The Frayed Ends of Sanity

Complexity assessment graph Schwaber, Ken (2009-11-30). Agile Project Management with Scrum (Microsoft Professional) (Kindle Location 243). Microsoft Press. Kindle Edition.

Complexity assessment graph (Ken Schwaber 2009)

A complex project with a rapidly changing dynamic ecosystem is basically borderline chaotic. As a PM, how do you measure progress in this ‘complex’ area?

The graph I’ve posted is from Ken Schwaber’s book on Agile Project Management and is a variation of Ralph Stacey’s Agreement and Certainty Matrix. Although this graph is often used in ways that Stacey may not agree with, I think for complex software or IT implementations he wouldn’t object.

Back to the initial problem: How do you measure progress once in the Complex area? Historically, this is where Waterfall was shown as deficient and Agile came to the fore with it’s focus on “empirical measurements“.

My initial thoughts are:

  1. This is highly reactive as you need to measure after the fact, and
  2. What we are essentially doing is stopping every so often to survey the carnage and count the bodies.

Larman covered the empirical approach and described it as follows:

In general, agile methods promote empirical rather than defined processes, a categorization used by industrial process experts. A defined process (also known as a prescriptive process) has many predefined and ordered activities to be followed during development. Defined processes are suitable for predictable manufacturing domains.
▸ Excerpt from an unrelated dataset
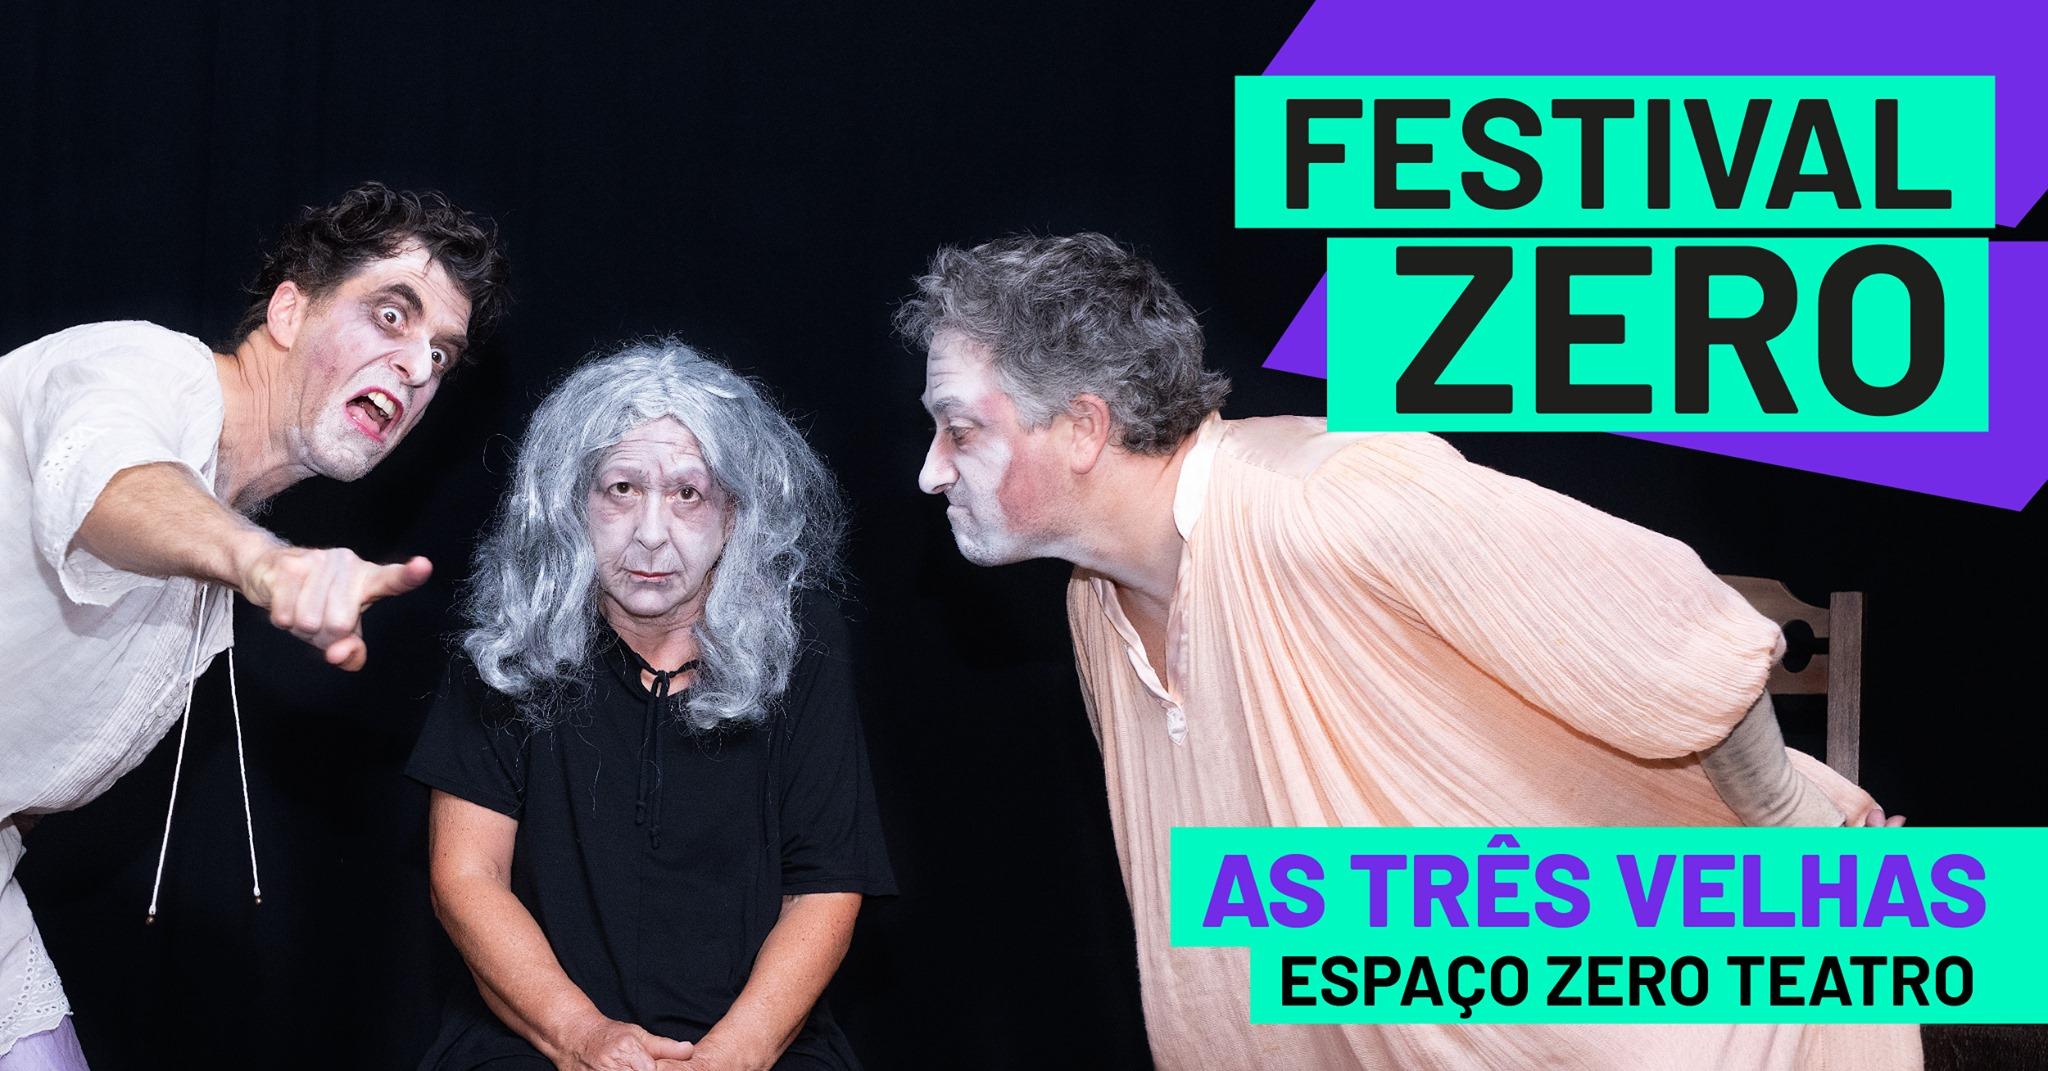 As Três Velhas, EspaçoZero Teatro
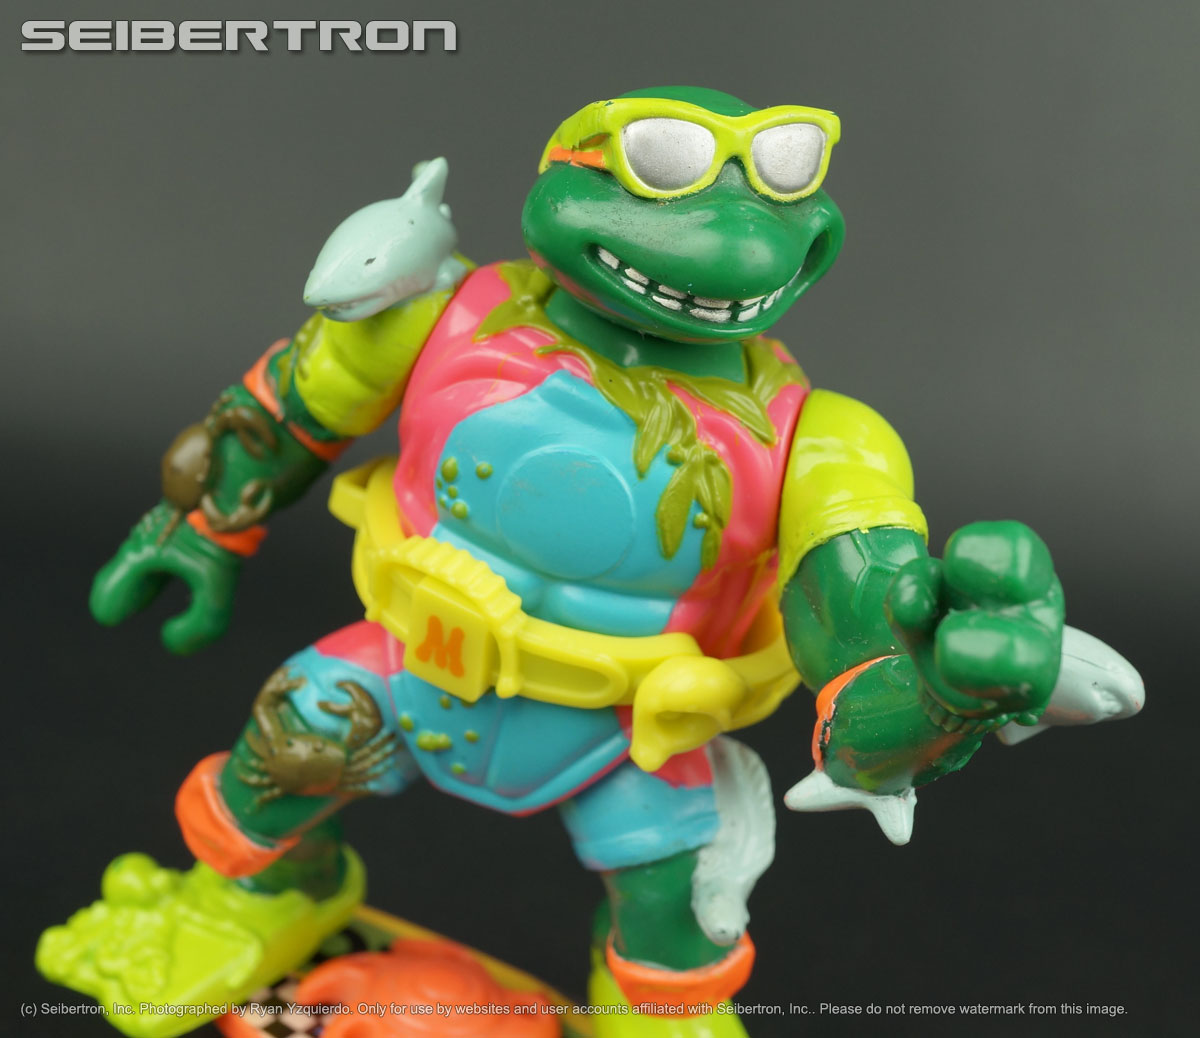 Teenage Mutant Ninja Turtles and Transformers listings from Seibertron.com: MIKE SEWER SURFER Teenage Mutant Ninja Turtles 100% complete vintage 1989 TMNT

Empirical processes are used for high-change and unstable domains; rather than many sequenced activities, they are based on frequent measurement and dynamic response to variable events.

(See Agile and Iterative Development: A Manager’s Guide)

At the beginning, I struggled with how to even get started in this area, which is why I invested in Mike Cohn’s book on Agile Planning. Even after reading this book, the idea of having to plan and commit up-front is nerve-wracking. People in general and managers in particular have a habit of hearing what they want to hear, even with all the caveats and ranges we give. A habit that has driven me to distraction in the past on several occasions.

Until Agile is established in an organization, the managers will always seek that (often false) sense of security that comes with a detailed plan with clear milestones and a fixed delivery date.

Having made the decision to transition to Agile, we should be aware that this is going to cause some stress to management and we also need to be sensitive that, at least initially, Agile planning gives senior management the heebie jeebies.